Provided data START
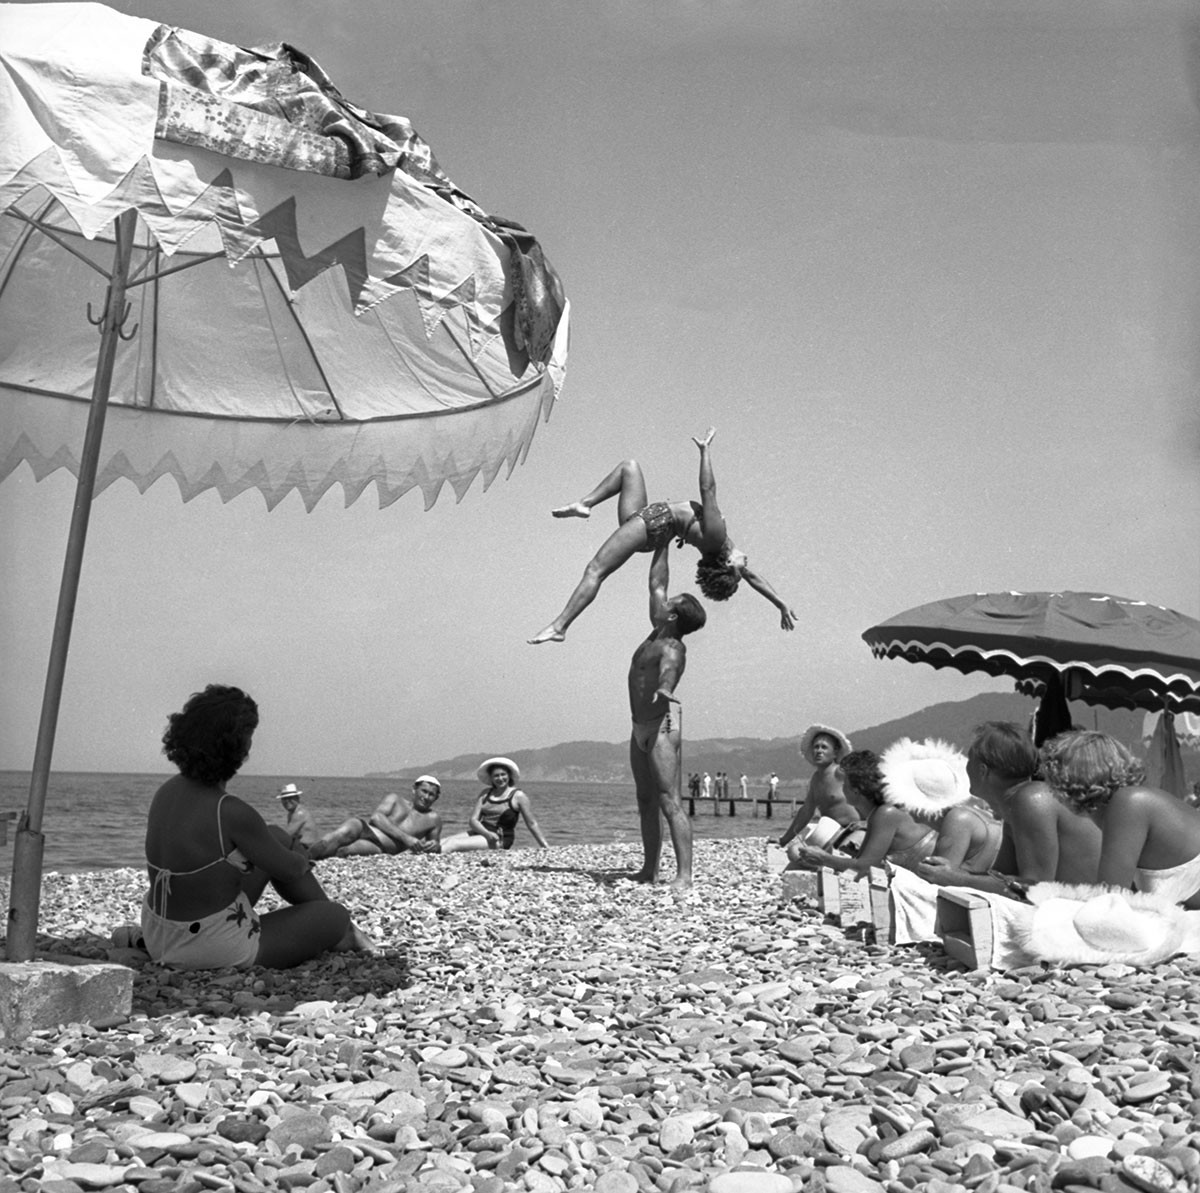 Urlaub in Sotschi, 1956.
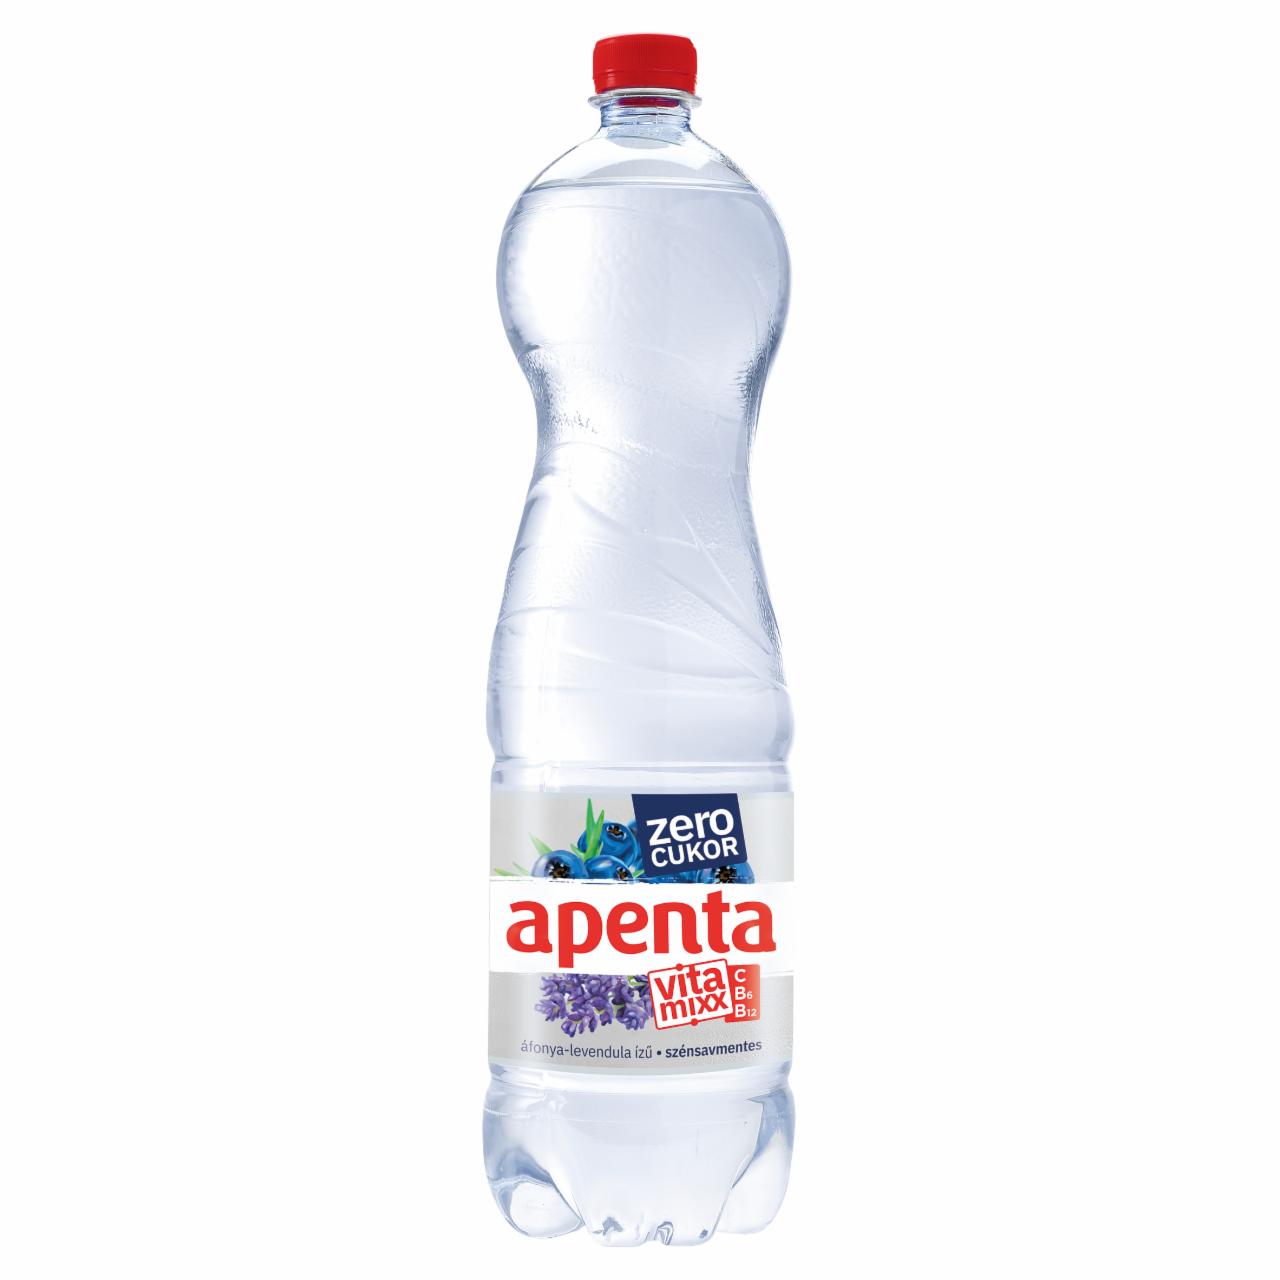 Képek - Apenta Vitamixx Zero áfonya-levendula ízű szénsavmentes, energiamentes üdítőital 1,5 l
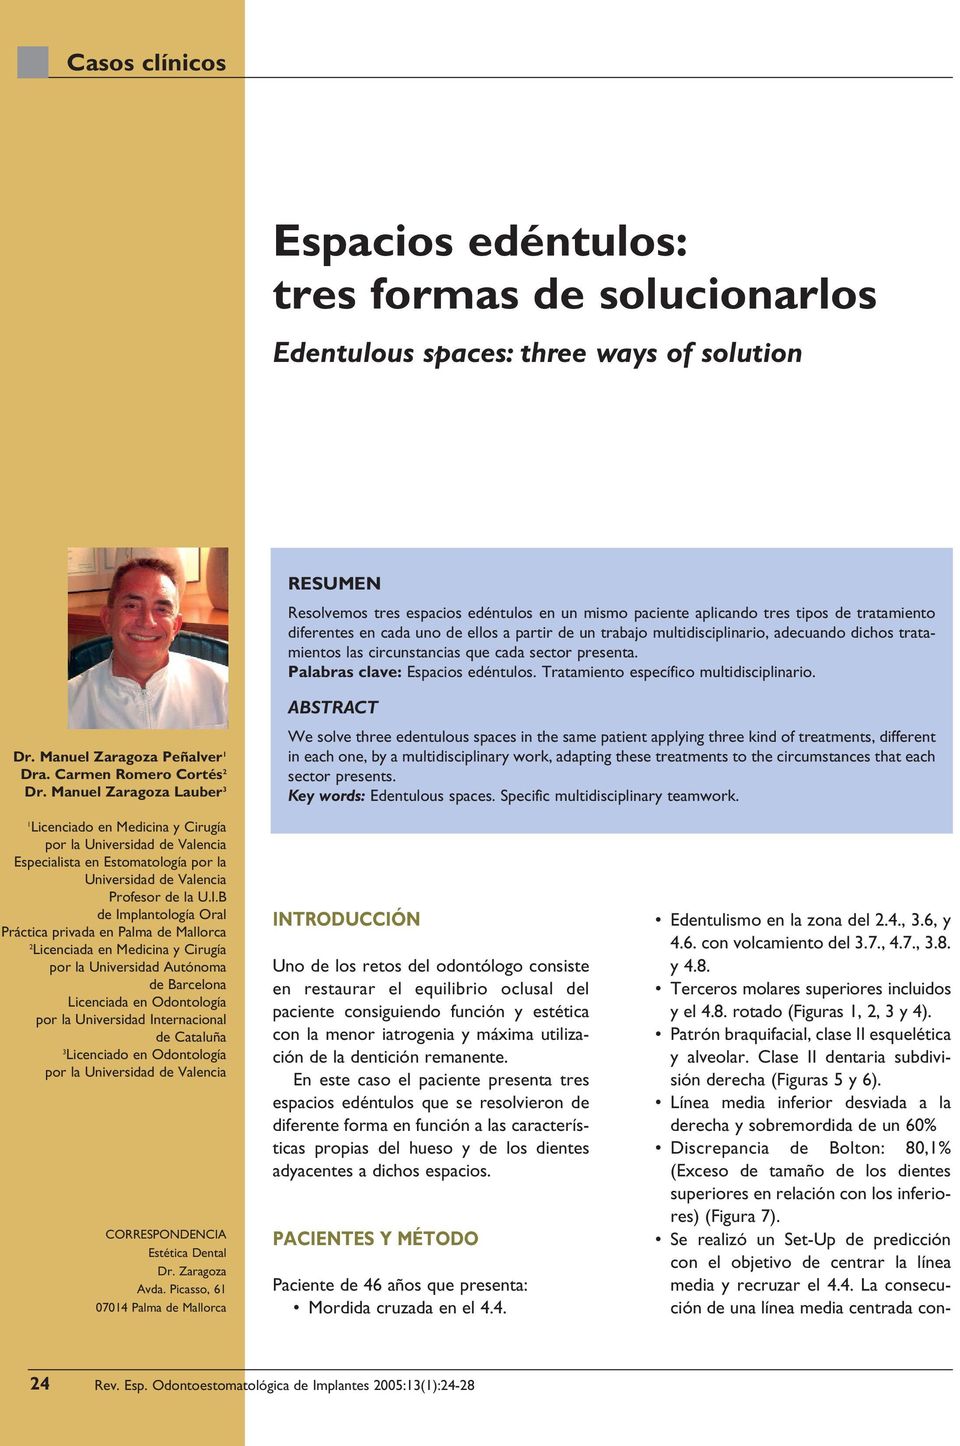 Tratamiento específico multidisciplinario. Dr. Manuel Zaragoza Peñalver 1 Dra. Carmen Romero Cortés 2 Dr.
Provided data END
Provided data START
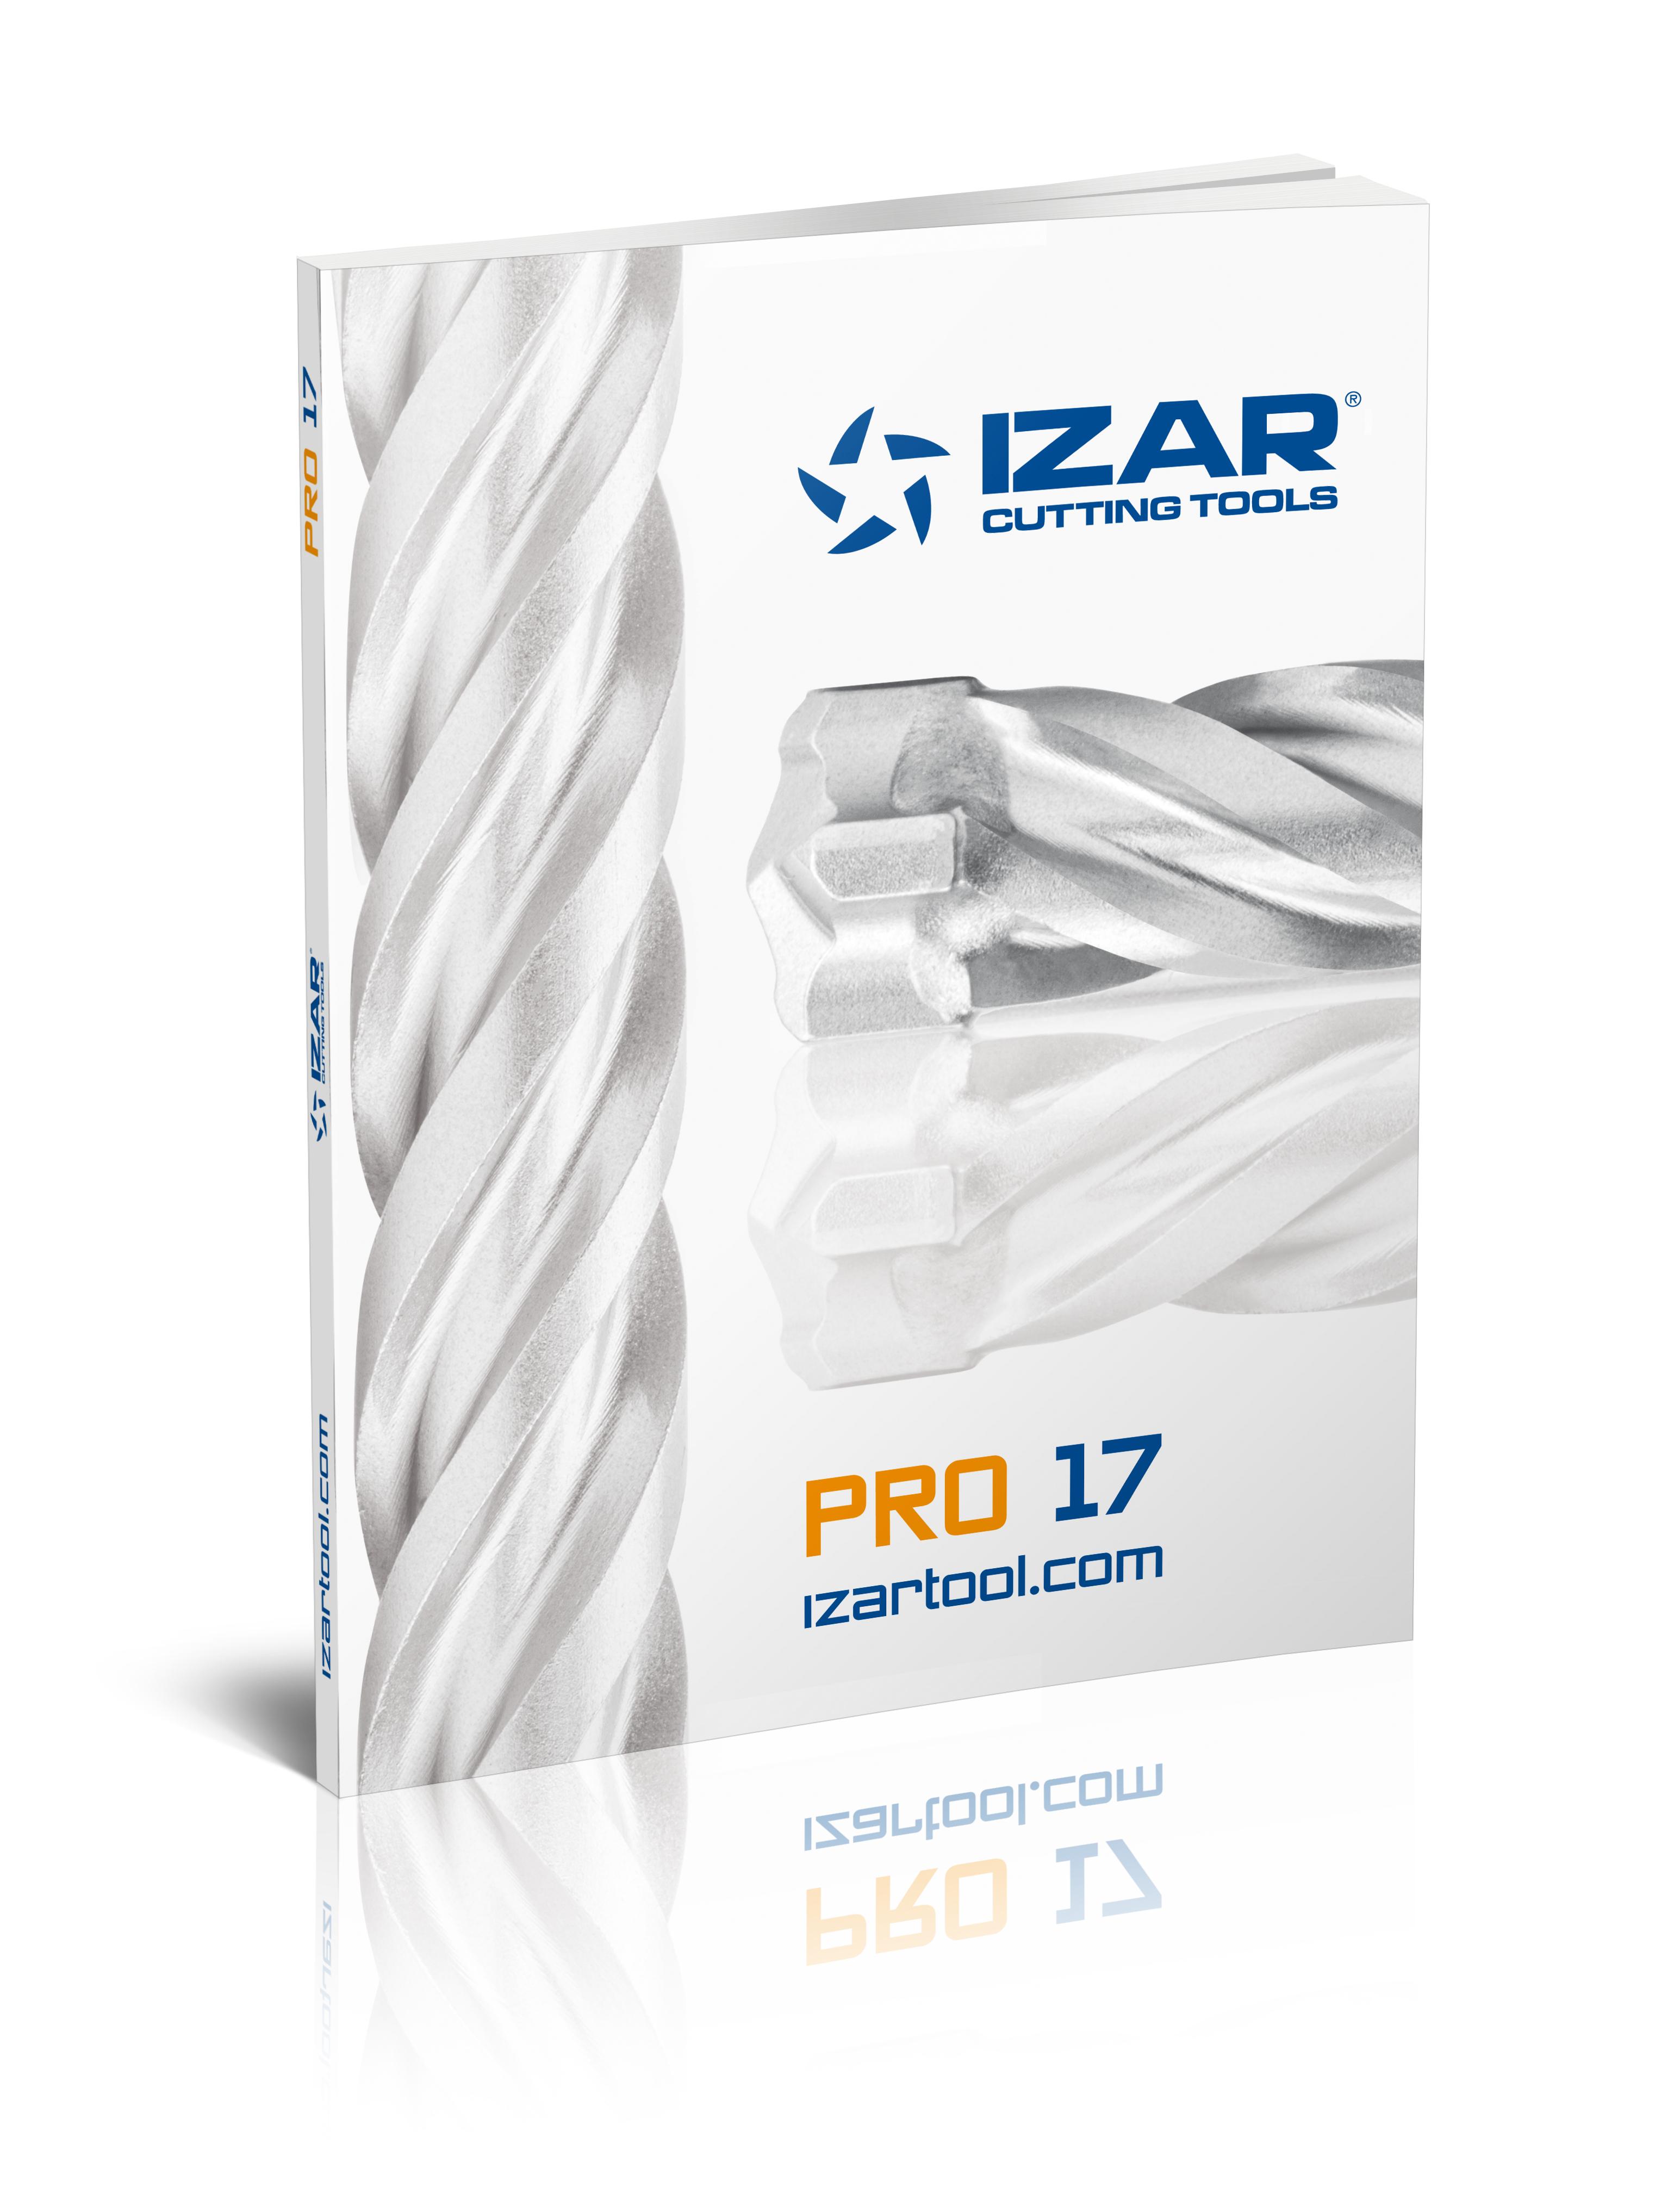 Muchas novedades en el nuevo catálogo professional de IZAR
Provided data END
Provided data START
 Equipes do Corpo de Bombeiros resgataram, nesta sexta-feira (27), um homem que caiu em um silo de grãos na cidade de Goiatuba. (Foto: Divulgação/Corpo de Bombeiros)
Provided data END
Activity:
Within the listing above, the lines starting at the one containing "Urlaub in Sotschi, 1956." and ending at the one containing "Tratamiento específico multidisciplinario." are to be returned exactly. Omit the pictures.

Task result:
 Urlaub in Sotschi, 1956.
 Képek - Apenta Vitamixx Zero áfonya-levendula ízű szénsavmentes, energiamentes üdítőital 1,5 l
 Tratamiento específico multidisciplinario. Dr. Manuel Zaragoza Peñalver 1 Dra. Carmen Romero Cortés 2 Dr.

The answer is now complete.